VOGONS


Let's benchmark our systems with caches disabled

Topic actions

First post, by clueless1

User metadata
Rank l33t
Rank
l33t

Lots of us here grew up through a variety of DOS generations, where system speed was critical to good gameplay. In the 386 days, we were lucky if the latest games ran well on our systems. But within a generation, those same games played too fast on our 486-class PCs.

Today, those of us with retro PCs try to recapture as much of that nostalgia as we can, but if you're within a space or financial constraint, it's not always possible to have a 386 for 386 games, a 486 for 486 games, and a Pentium-class system for its generation of games.

Phil from philscomputerlab.com made a very nice video demonstrating how to build a system that can be many generations in one box. Phil also set up the Ultimate VGA Benchmark Database Project so that members of the community could add their own results. This benefits everyone!

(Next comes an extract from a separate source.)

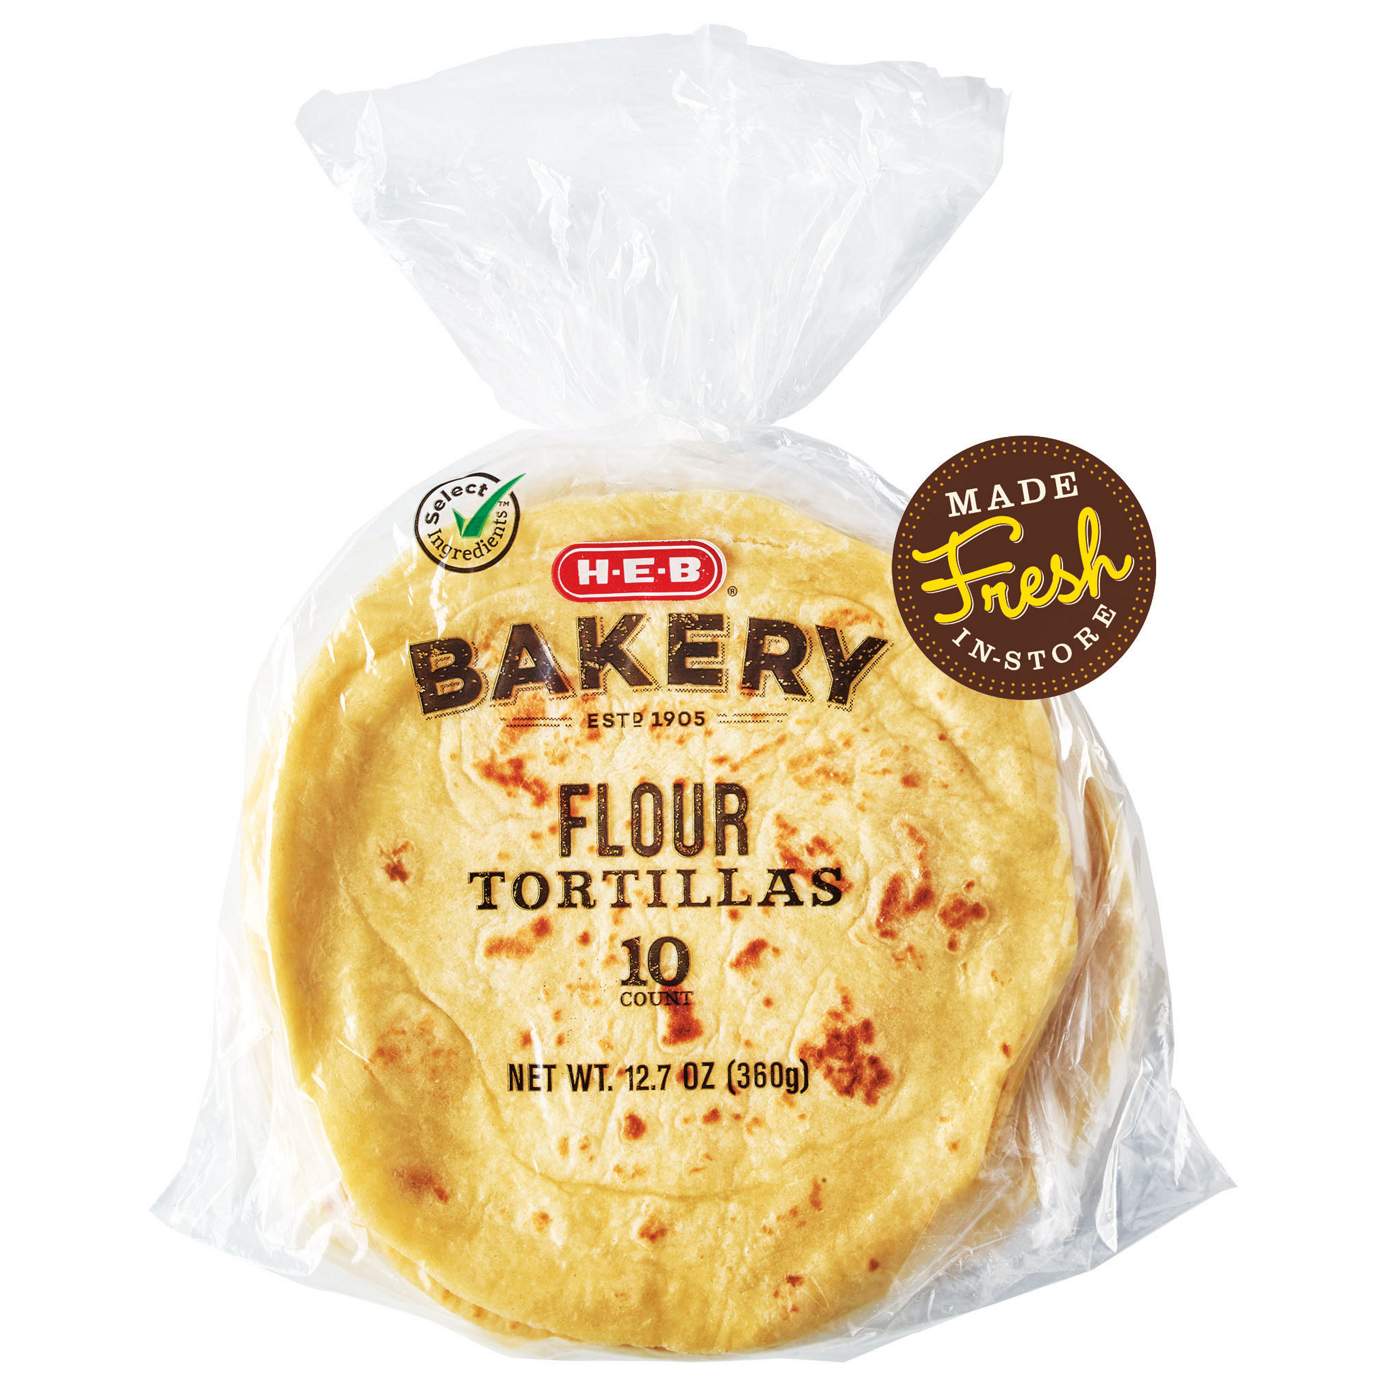 H-E-B Bakery Flour Tortillas; image 1 of 2

Led by advice from forum members Tertz and gdjacobs, I pulled what I felt were "good representatives" for each type of old CPU out of Phil's VGA Benchmark Database, from the 100Mhz 486 down to the slowest system represented, an i386DX-16. These results are now our guideposts as we determine where our Pentium-class and higher processors fall when we disable various caches to intentionally drop performance. For this purpose, I set up a Google Sheets page to add results for CPUs with all caches enabled AND with caches disabled. In the spreadsheet the guidepost results are indicated in red text.

cachebench.PNG
Filename
cachebench.PNG
File size
148.98 KiB
Views
19307 views
File license
Fair use/fair dealing exception

So here's how this works: If you don't already have this on every DOS machine you own ( 😉 ), download Phil's VGA Benchmark kit here. For instructions, see his thread linked a couple of paragraphs up. Now download gerwin's Setmul utility here. Instructions are in the link. Setmul will allow you to disable the L1 cache on any x86 processor from the 486 on up and allows disabling L2 cache on K6 Mobile and VIA C3 chips.

Benchmark your systems with all caches enabled, as well as with whatever combinations of caches you can disable. In the spreadsheet, there are some results there that give examples with L1 cache disabled, L2 cache disabled and both L1 and L2 caches disabled. For this test, we are running 3DBENCH 1.0c (aka 3DBENCH2), PCPBench, Speedsys, and Doom. Speedsys is in the Speedsys folder in Phil's kit. I left out Quake because for our purposes, it is not relevant--an intentionally slow system would not be running it anyway. In the event your slowed down system is running at 286 or slower speeds, substitute 3DBENCH 1.0 (it is in the 3DBENCH folder in Phil's kit). As you can see from the Pentium II results at the bottom of the spreadsheet, 3DBENCH 1.0c does not scale well at very slow speeds. Version 1.0 should do the trick here. Thanks to Phil for providing that info.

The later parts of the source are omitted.